The following structure has proven successful:

Thank all reviewers for their constructive feedback and promise to incorporate their suggested corrections.
Provide 3-5 principal arguments (sorted by importance) for all reviewers
- State each argument (not the problem) directly in the title
- Followed by the reviewers whose questions are answered by this argument.
- Support your argument. Don't answer specific questions, but provide evidence for your argument and make sure this evidence addresses the invidiual questions raised in the reviews.
For each reviewer address the remaining questions and technicalities only relevant for the individual reviewer.

If space is an issue, shorten backwards. Never shorten your principal arguments, but maybe use short bullet point lists for individual questions. If necessary, ignore non-critical questions, rather than shortening your principal arguments.

How should I go about writing my rebuttal?

Start by answering the questions of each authors individually, the same way you would provide answers to an email inline:

Review A:

I am concerned ... I also wonder ... Finally, ...

Answers for A:

> I am concerned

This concern is invalid.


> I also wonder

This is correct.

> Finally, 

This problem does not apply in our case, because ...

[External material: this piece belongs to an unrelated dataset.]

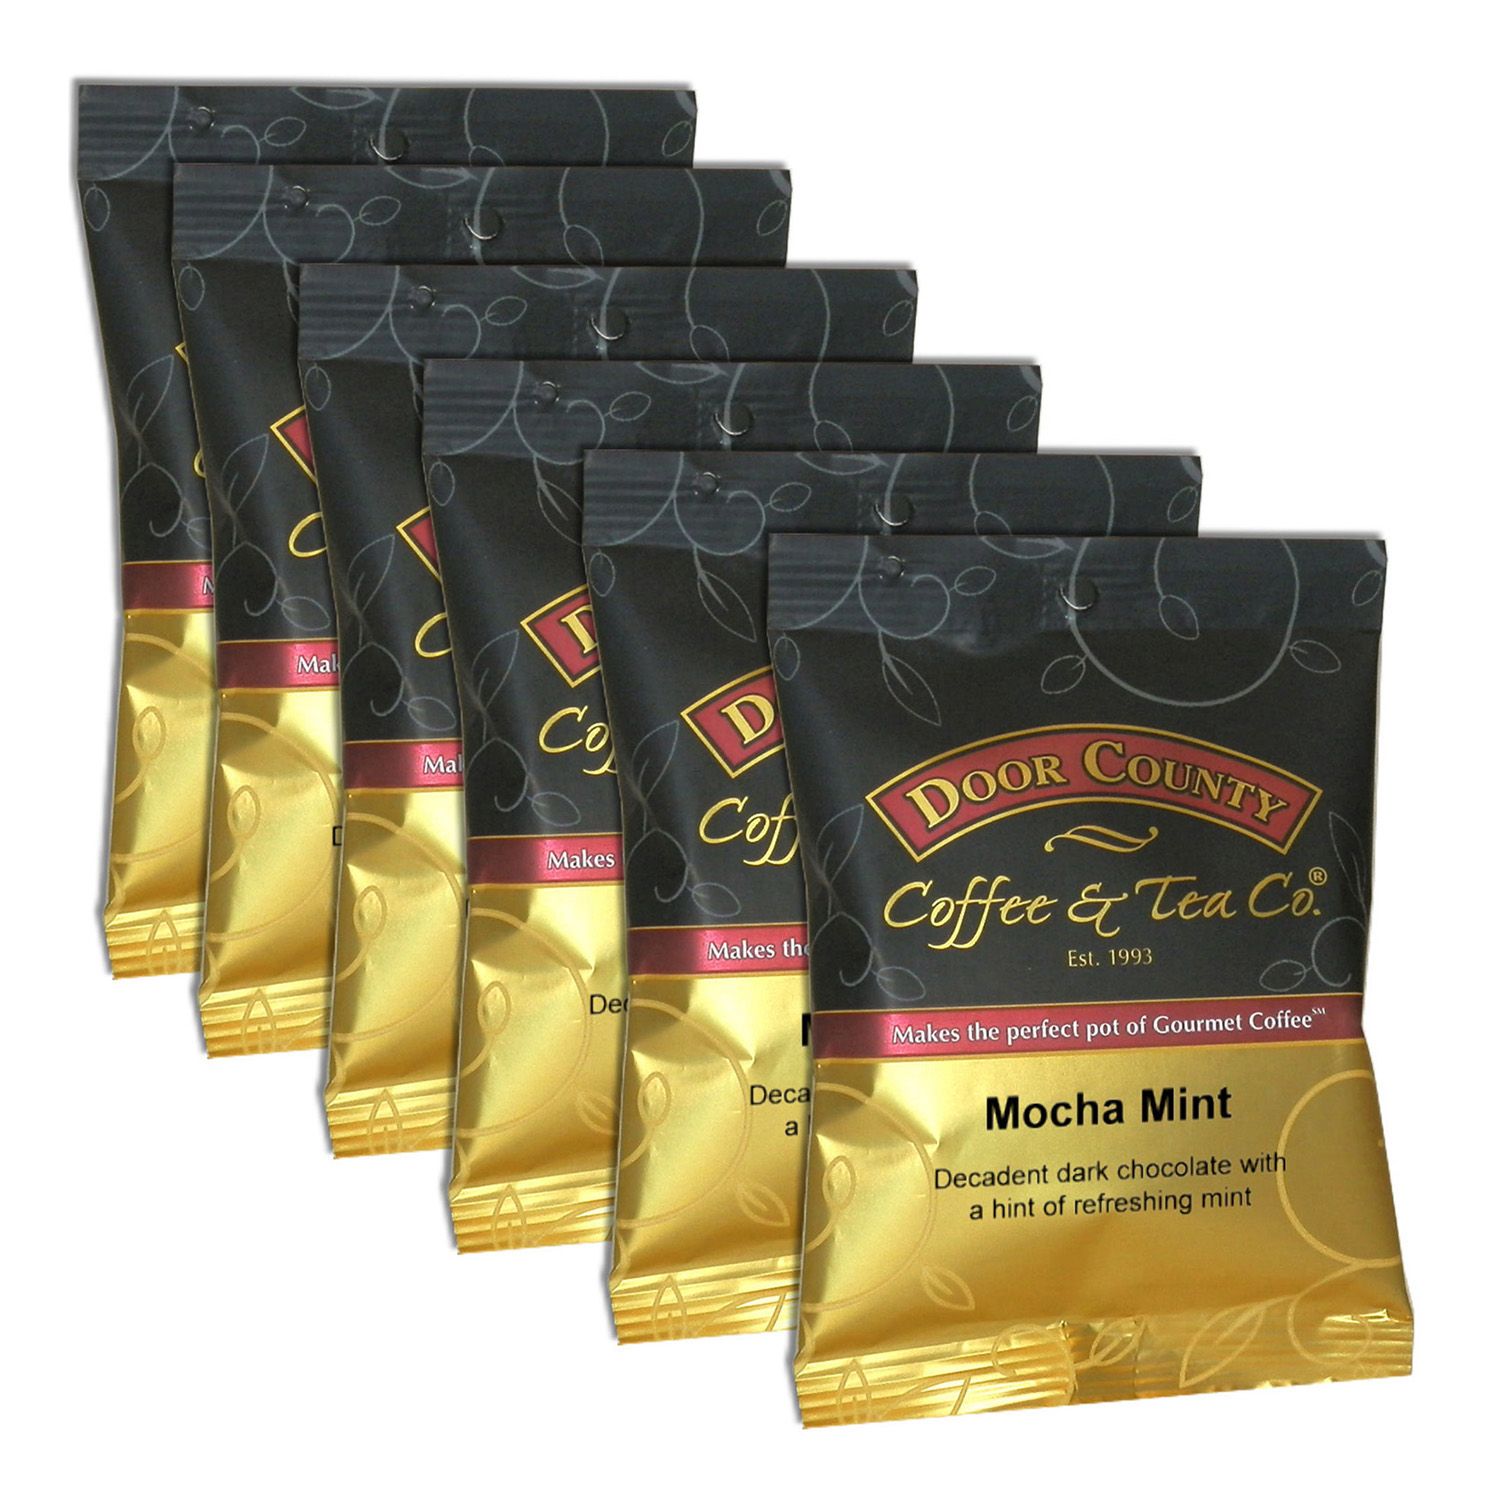 Image for Door County Coffee & Tea Co. Mocha Mint Ground Coffee 6-pk. at Kohl's.
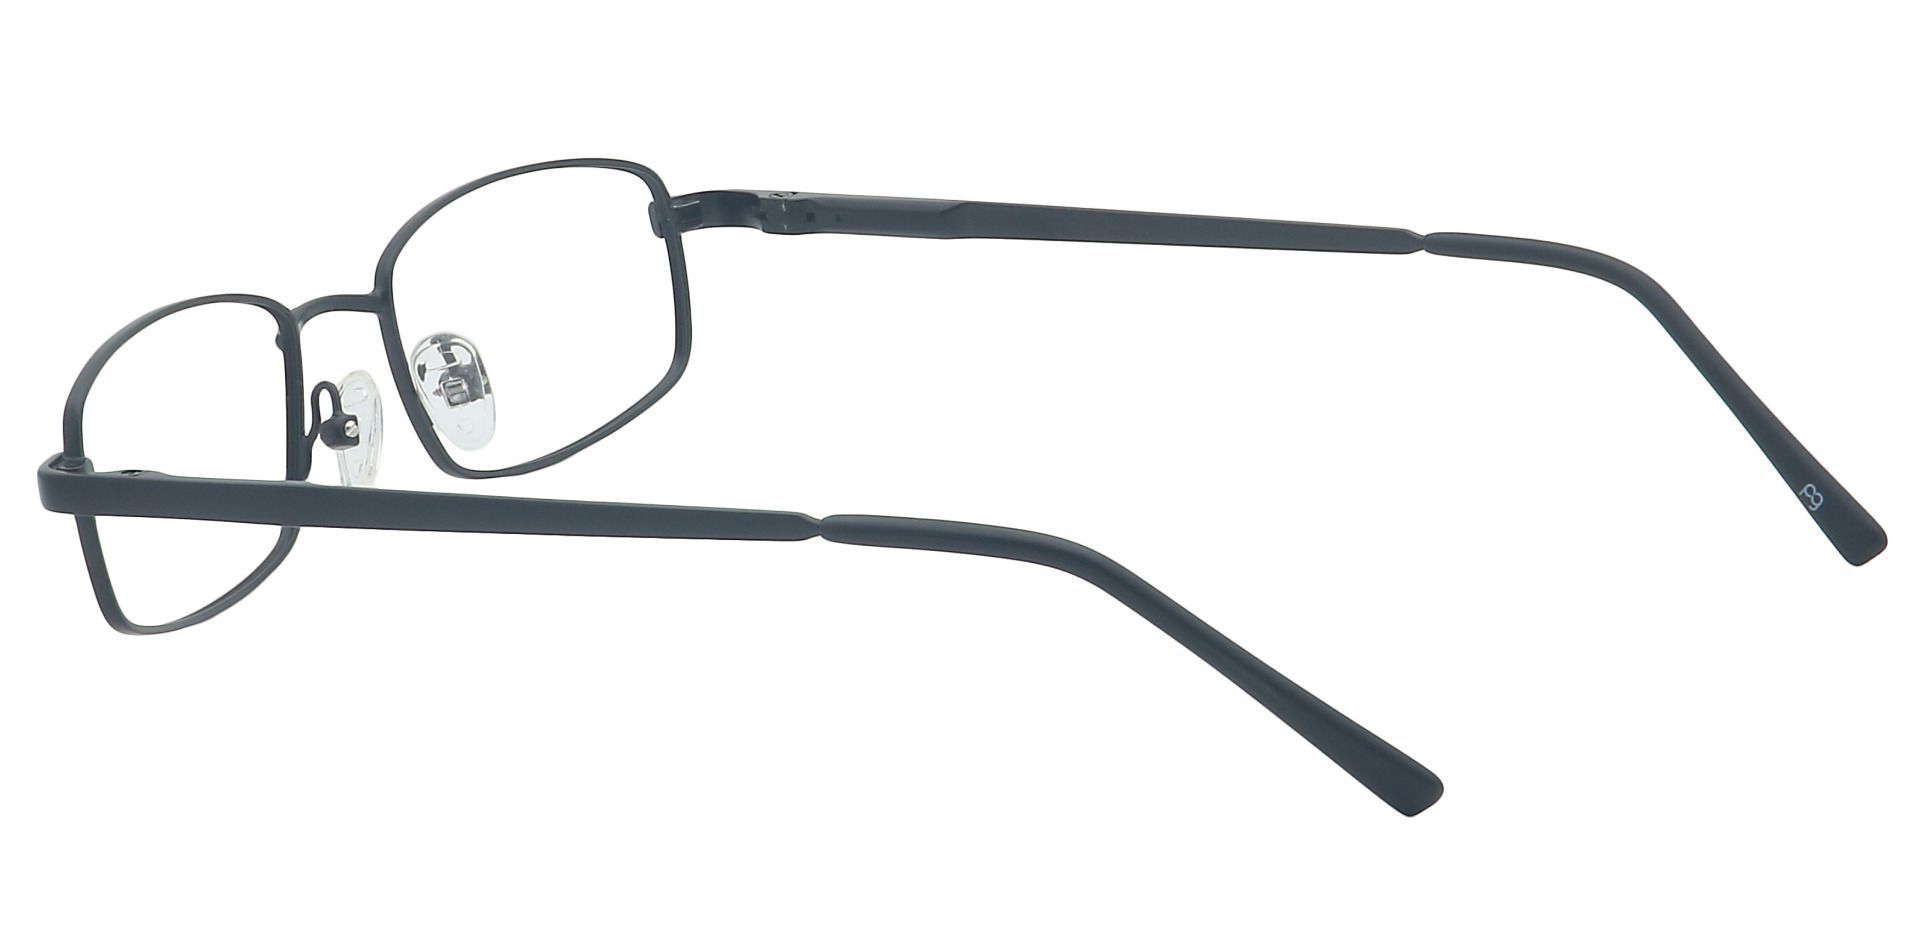 Sheldon Square Lined Bifocal Glasses - Black

In a second step, you 1) identify common questions and feedback given to multiple reviewers and 2) sort feedback according to priority (a: important for acceptance, b: technical question worth addressing, c: minor formatting/typo remarks). Questions raised by multiple reviewers which are important for acceptance are factored out as principal arguments, technical questions worth addressing remain in individual sections, and minor comments are dropped as they are addressed in the first sentence.

What to avoid?

Do not plainly agree to major criticism: If reviewers point out problems with your paper, do not plainly agree. Instead, show a perspective under which your argumentation is strong and then potentially agree to make amendments that address the concerns raised by your reviewers.
Do not provide new data: It is often explicitly stated that a rebuttal is to clarify questions, not to provide new insights and arguments for accepting your paper. If you provide new data in a rebuttal, this data has not been seen by the PC before and can not be evaluated in the small time-frame of a rebuttal. As a result, the PC is likely to conclude that the paper without this data is incomplete and will reject the paper to enable a resubmission of the completed paper at a later conference. The exception to this rule is to provide data for clarification. E.g., you run one specific configuration of a dataset and reviewers are curious if another configuration would not be better. In this case you can provide this data, but make an argument that it a) does not change the story of the paper, b) clarifies a question in the review, c) and is not something you did not have time to complete earlier.
Do not plainly disagree: In case your reviewers raise concerns regarding an argument in your paper, do not just state that you believe you are right (e.g., 'we claim that only >>objects<< need to be considered in our analysis'). Instead, try to explain under which perspective reviewer concerns would be true and show why they do not apply in your case.

FAQ?

What happens if I exceed the typical 500 word limit? In case you cannot submit more than for example 500 words, you obviously need to shorten the rebuttal. If the submission system allows for more than 500 words, make sure the core rebuttal fits within 500 words. If additional clarifications would help, it is good practice to deliver this information in an optional appendix.
How well must the rebuttal be written?

The principal arguments must be worded exceptionally well. I typically spend at least half a day on just these questions. If collaborating with students this takes over a day. The remaining answers should also be well written but normally 1-2 passes are sufficient.
How do I handle mistakes or wrong statements in my paper? Mistakes happen and can never be completely avoided. To professionally handle them it is important to not hide them, but to acknowledge their existance and explain how mistakes will be corrected. While acknowledging minor problems will not put your paper at risk, there is sometimes a conflict of interest between defending your work and acknowleding mistakes. Academic integrity must always take precedence! However, if reviewers pointed out some non-trivial problems, it often is wise to put your answer in context and be clear about how the story of the paper remains unaffected.
A reviewer finds a strong angle of attack and she is right. What do I do?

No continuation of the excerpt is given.